I am interested in exploring the work and theory of contemporary performance artist and author Joanna Frueh, as a way of examining how "third-wave" feminism allows for greater complexity in the handling of subjects such as eroticism, pleasure, beauty/ugliness, and compassionate embodiment in the female experience. It is my sense (from within my very basic understanding of the history of feminism) that, at its inception, feminism characterized the female body in more blatant, hyperbolic terms: the victimized body, the aggressively sexual(ized) body, etc. Joanna Frueh, however, proposes - to an almost comically 'new-age-y' degree - a gentler, less militant, more complicated model for female embodiment and empowerment. She conveys these ideas through books and articles, as well as through her text-based performance works.

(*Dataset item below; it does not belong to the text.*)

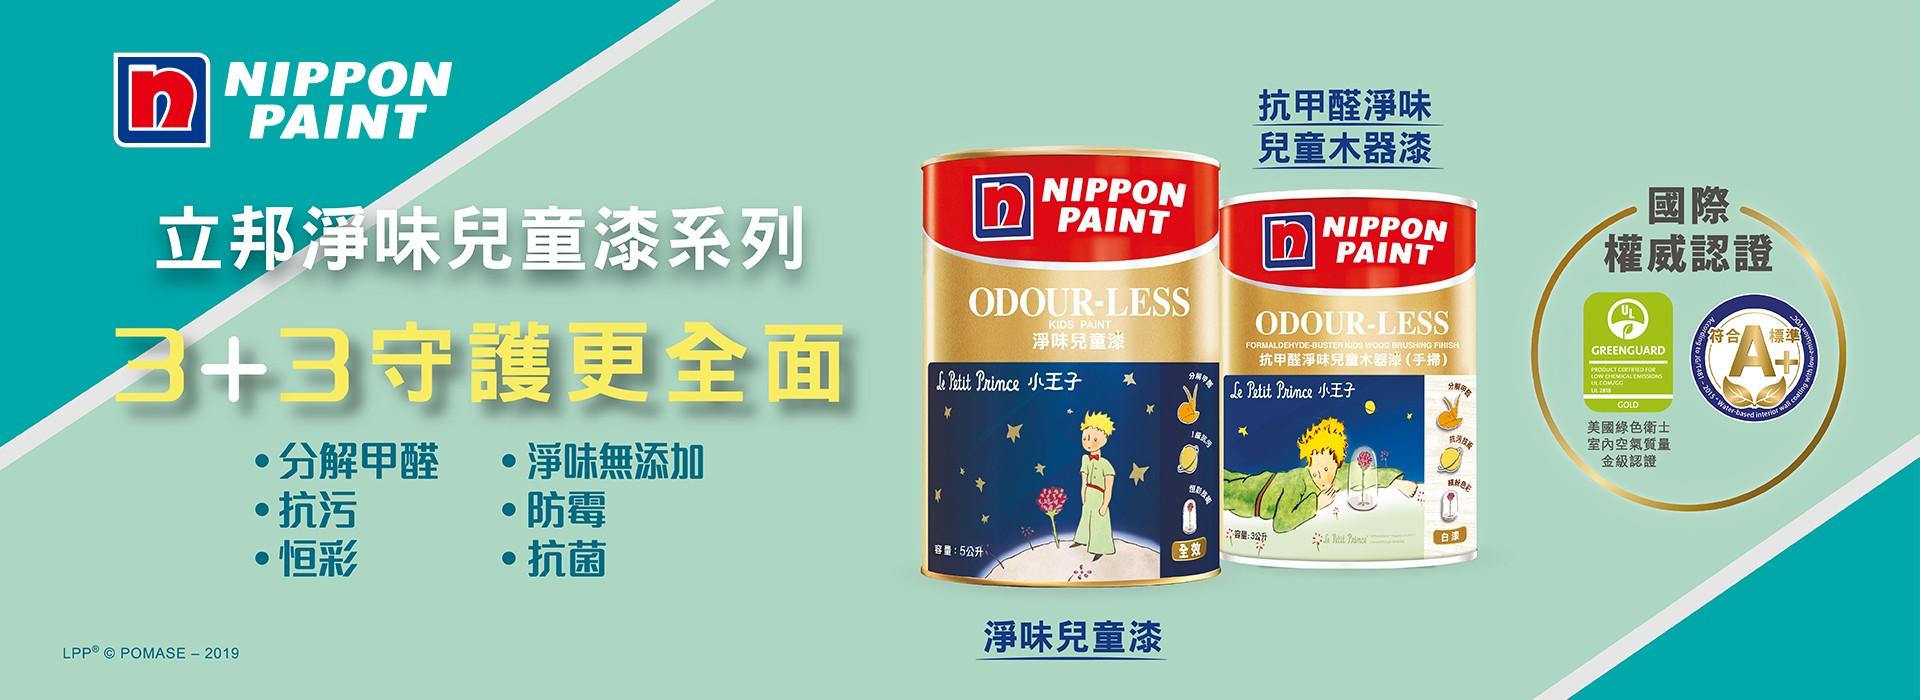 兆記行website banner (kidspaint)

While Frueh is clearly over 45 years of age, and thus came of age artistically in a pre-third-wave climate, she continues to perform, publish, and teach actively today, and her work continues to attract the consideration of contemporary critics and theorists. As I do more research on Frueh, the criticism surrounding her work, and "third-wave" feminism as a whole (*is* it a 'whole'? - that is a complicated question - also something I intend to develop a better understanding of...), I will post more specifics about how Frueh's work embodies significant questions/issues in third-wave feminism, or in whatever you want to call today's climate of feminist issues and concerns.
Link to Frueh's site: www.joannafrueh.com
Posted by Adrienne Lynch
1 comment:
It is nice to see an artist who reclaims "sweet" and "girly" poses and colors to use in the name of feminism.
Is her work mostly performance stuff? I can't seem to find any reproductions of it on her website. Are the scripts just not running right on my computer? Or where can we see clips?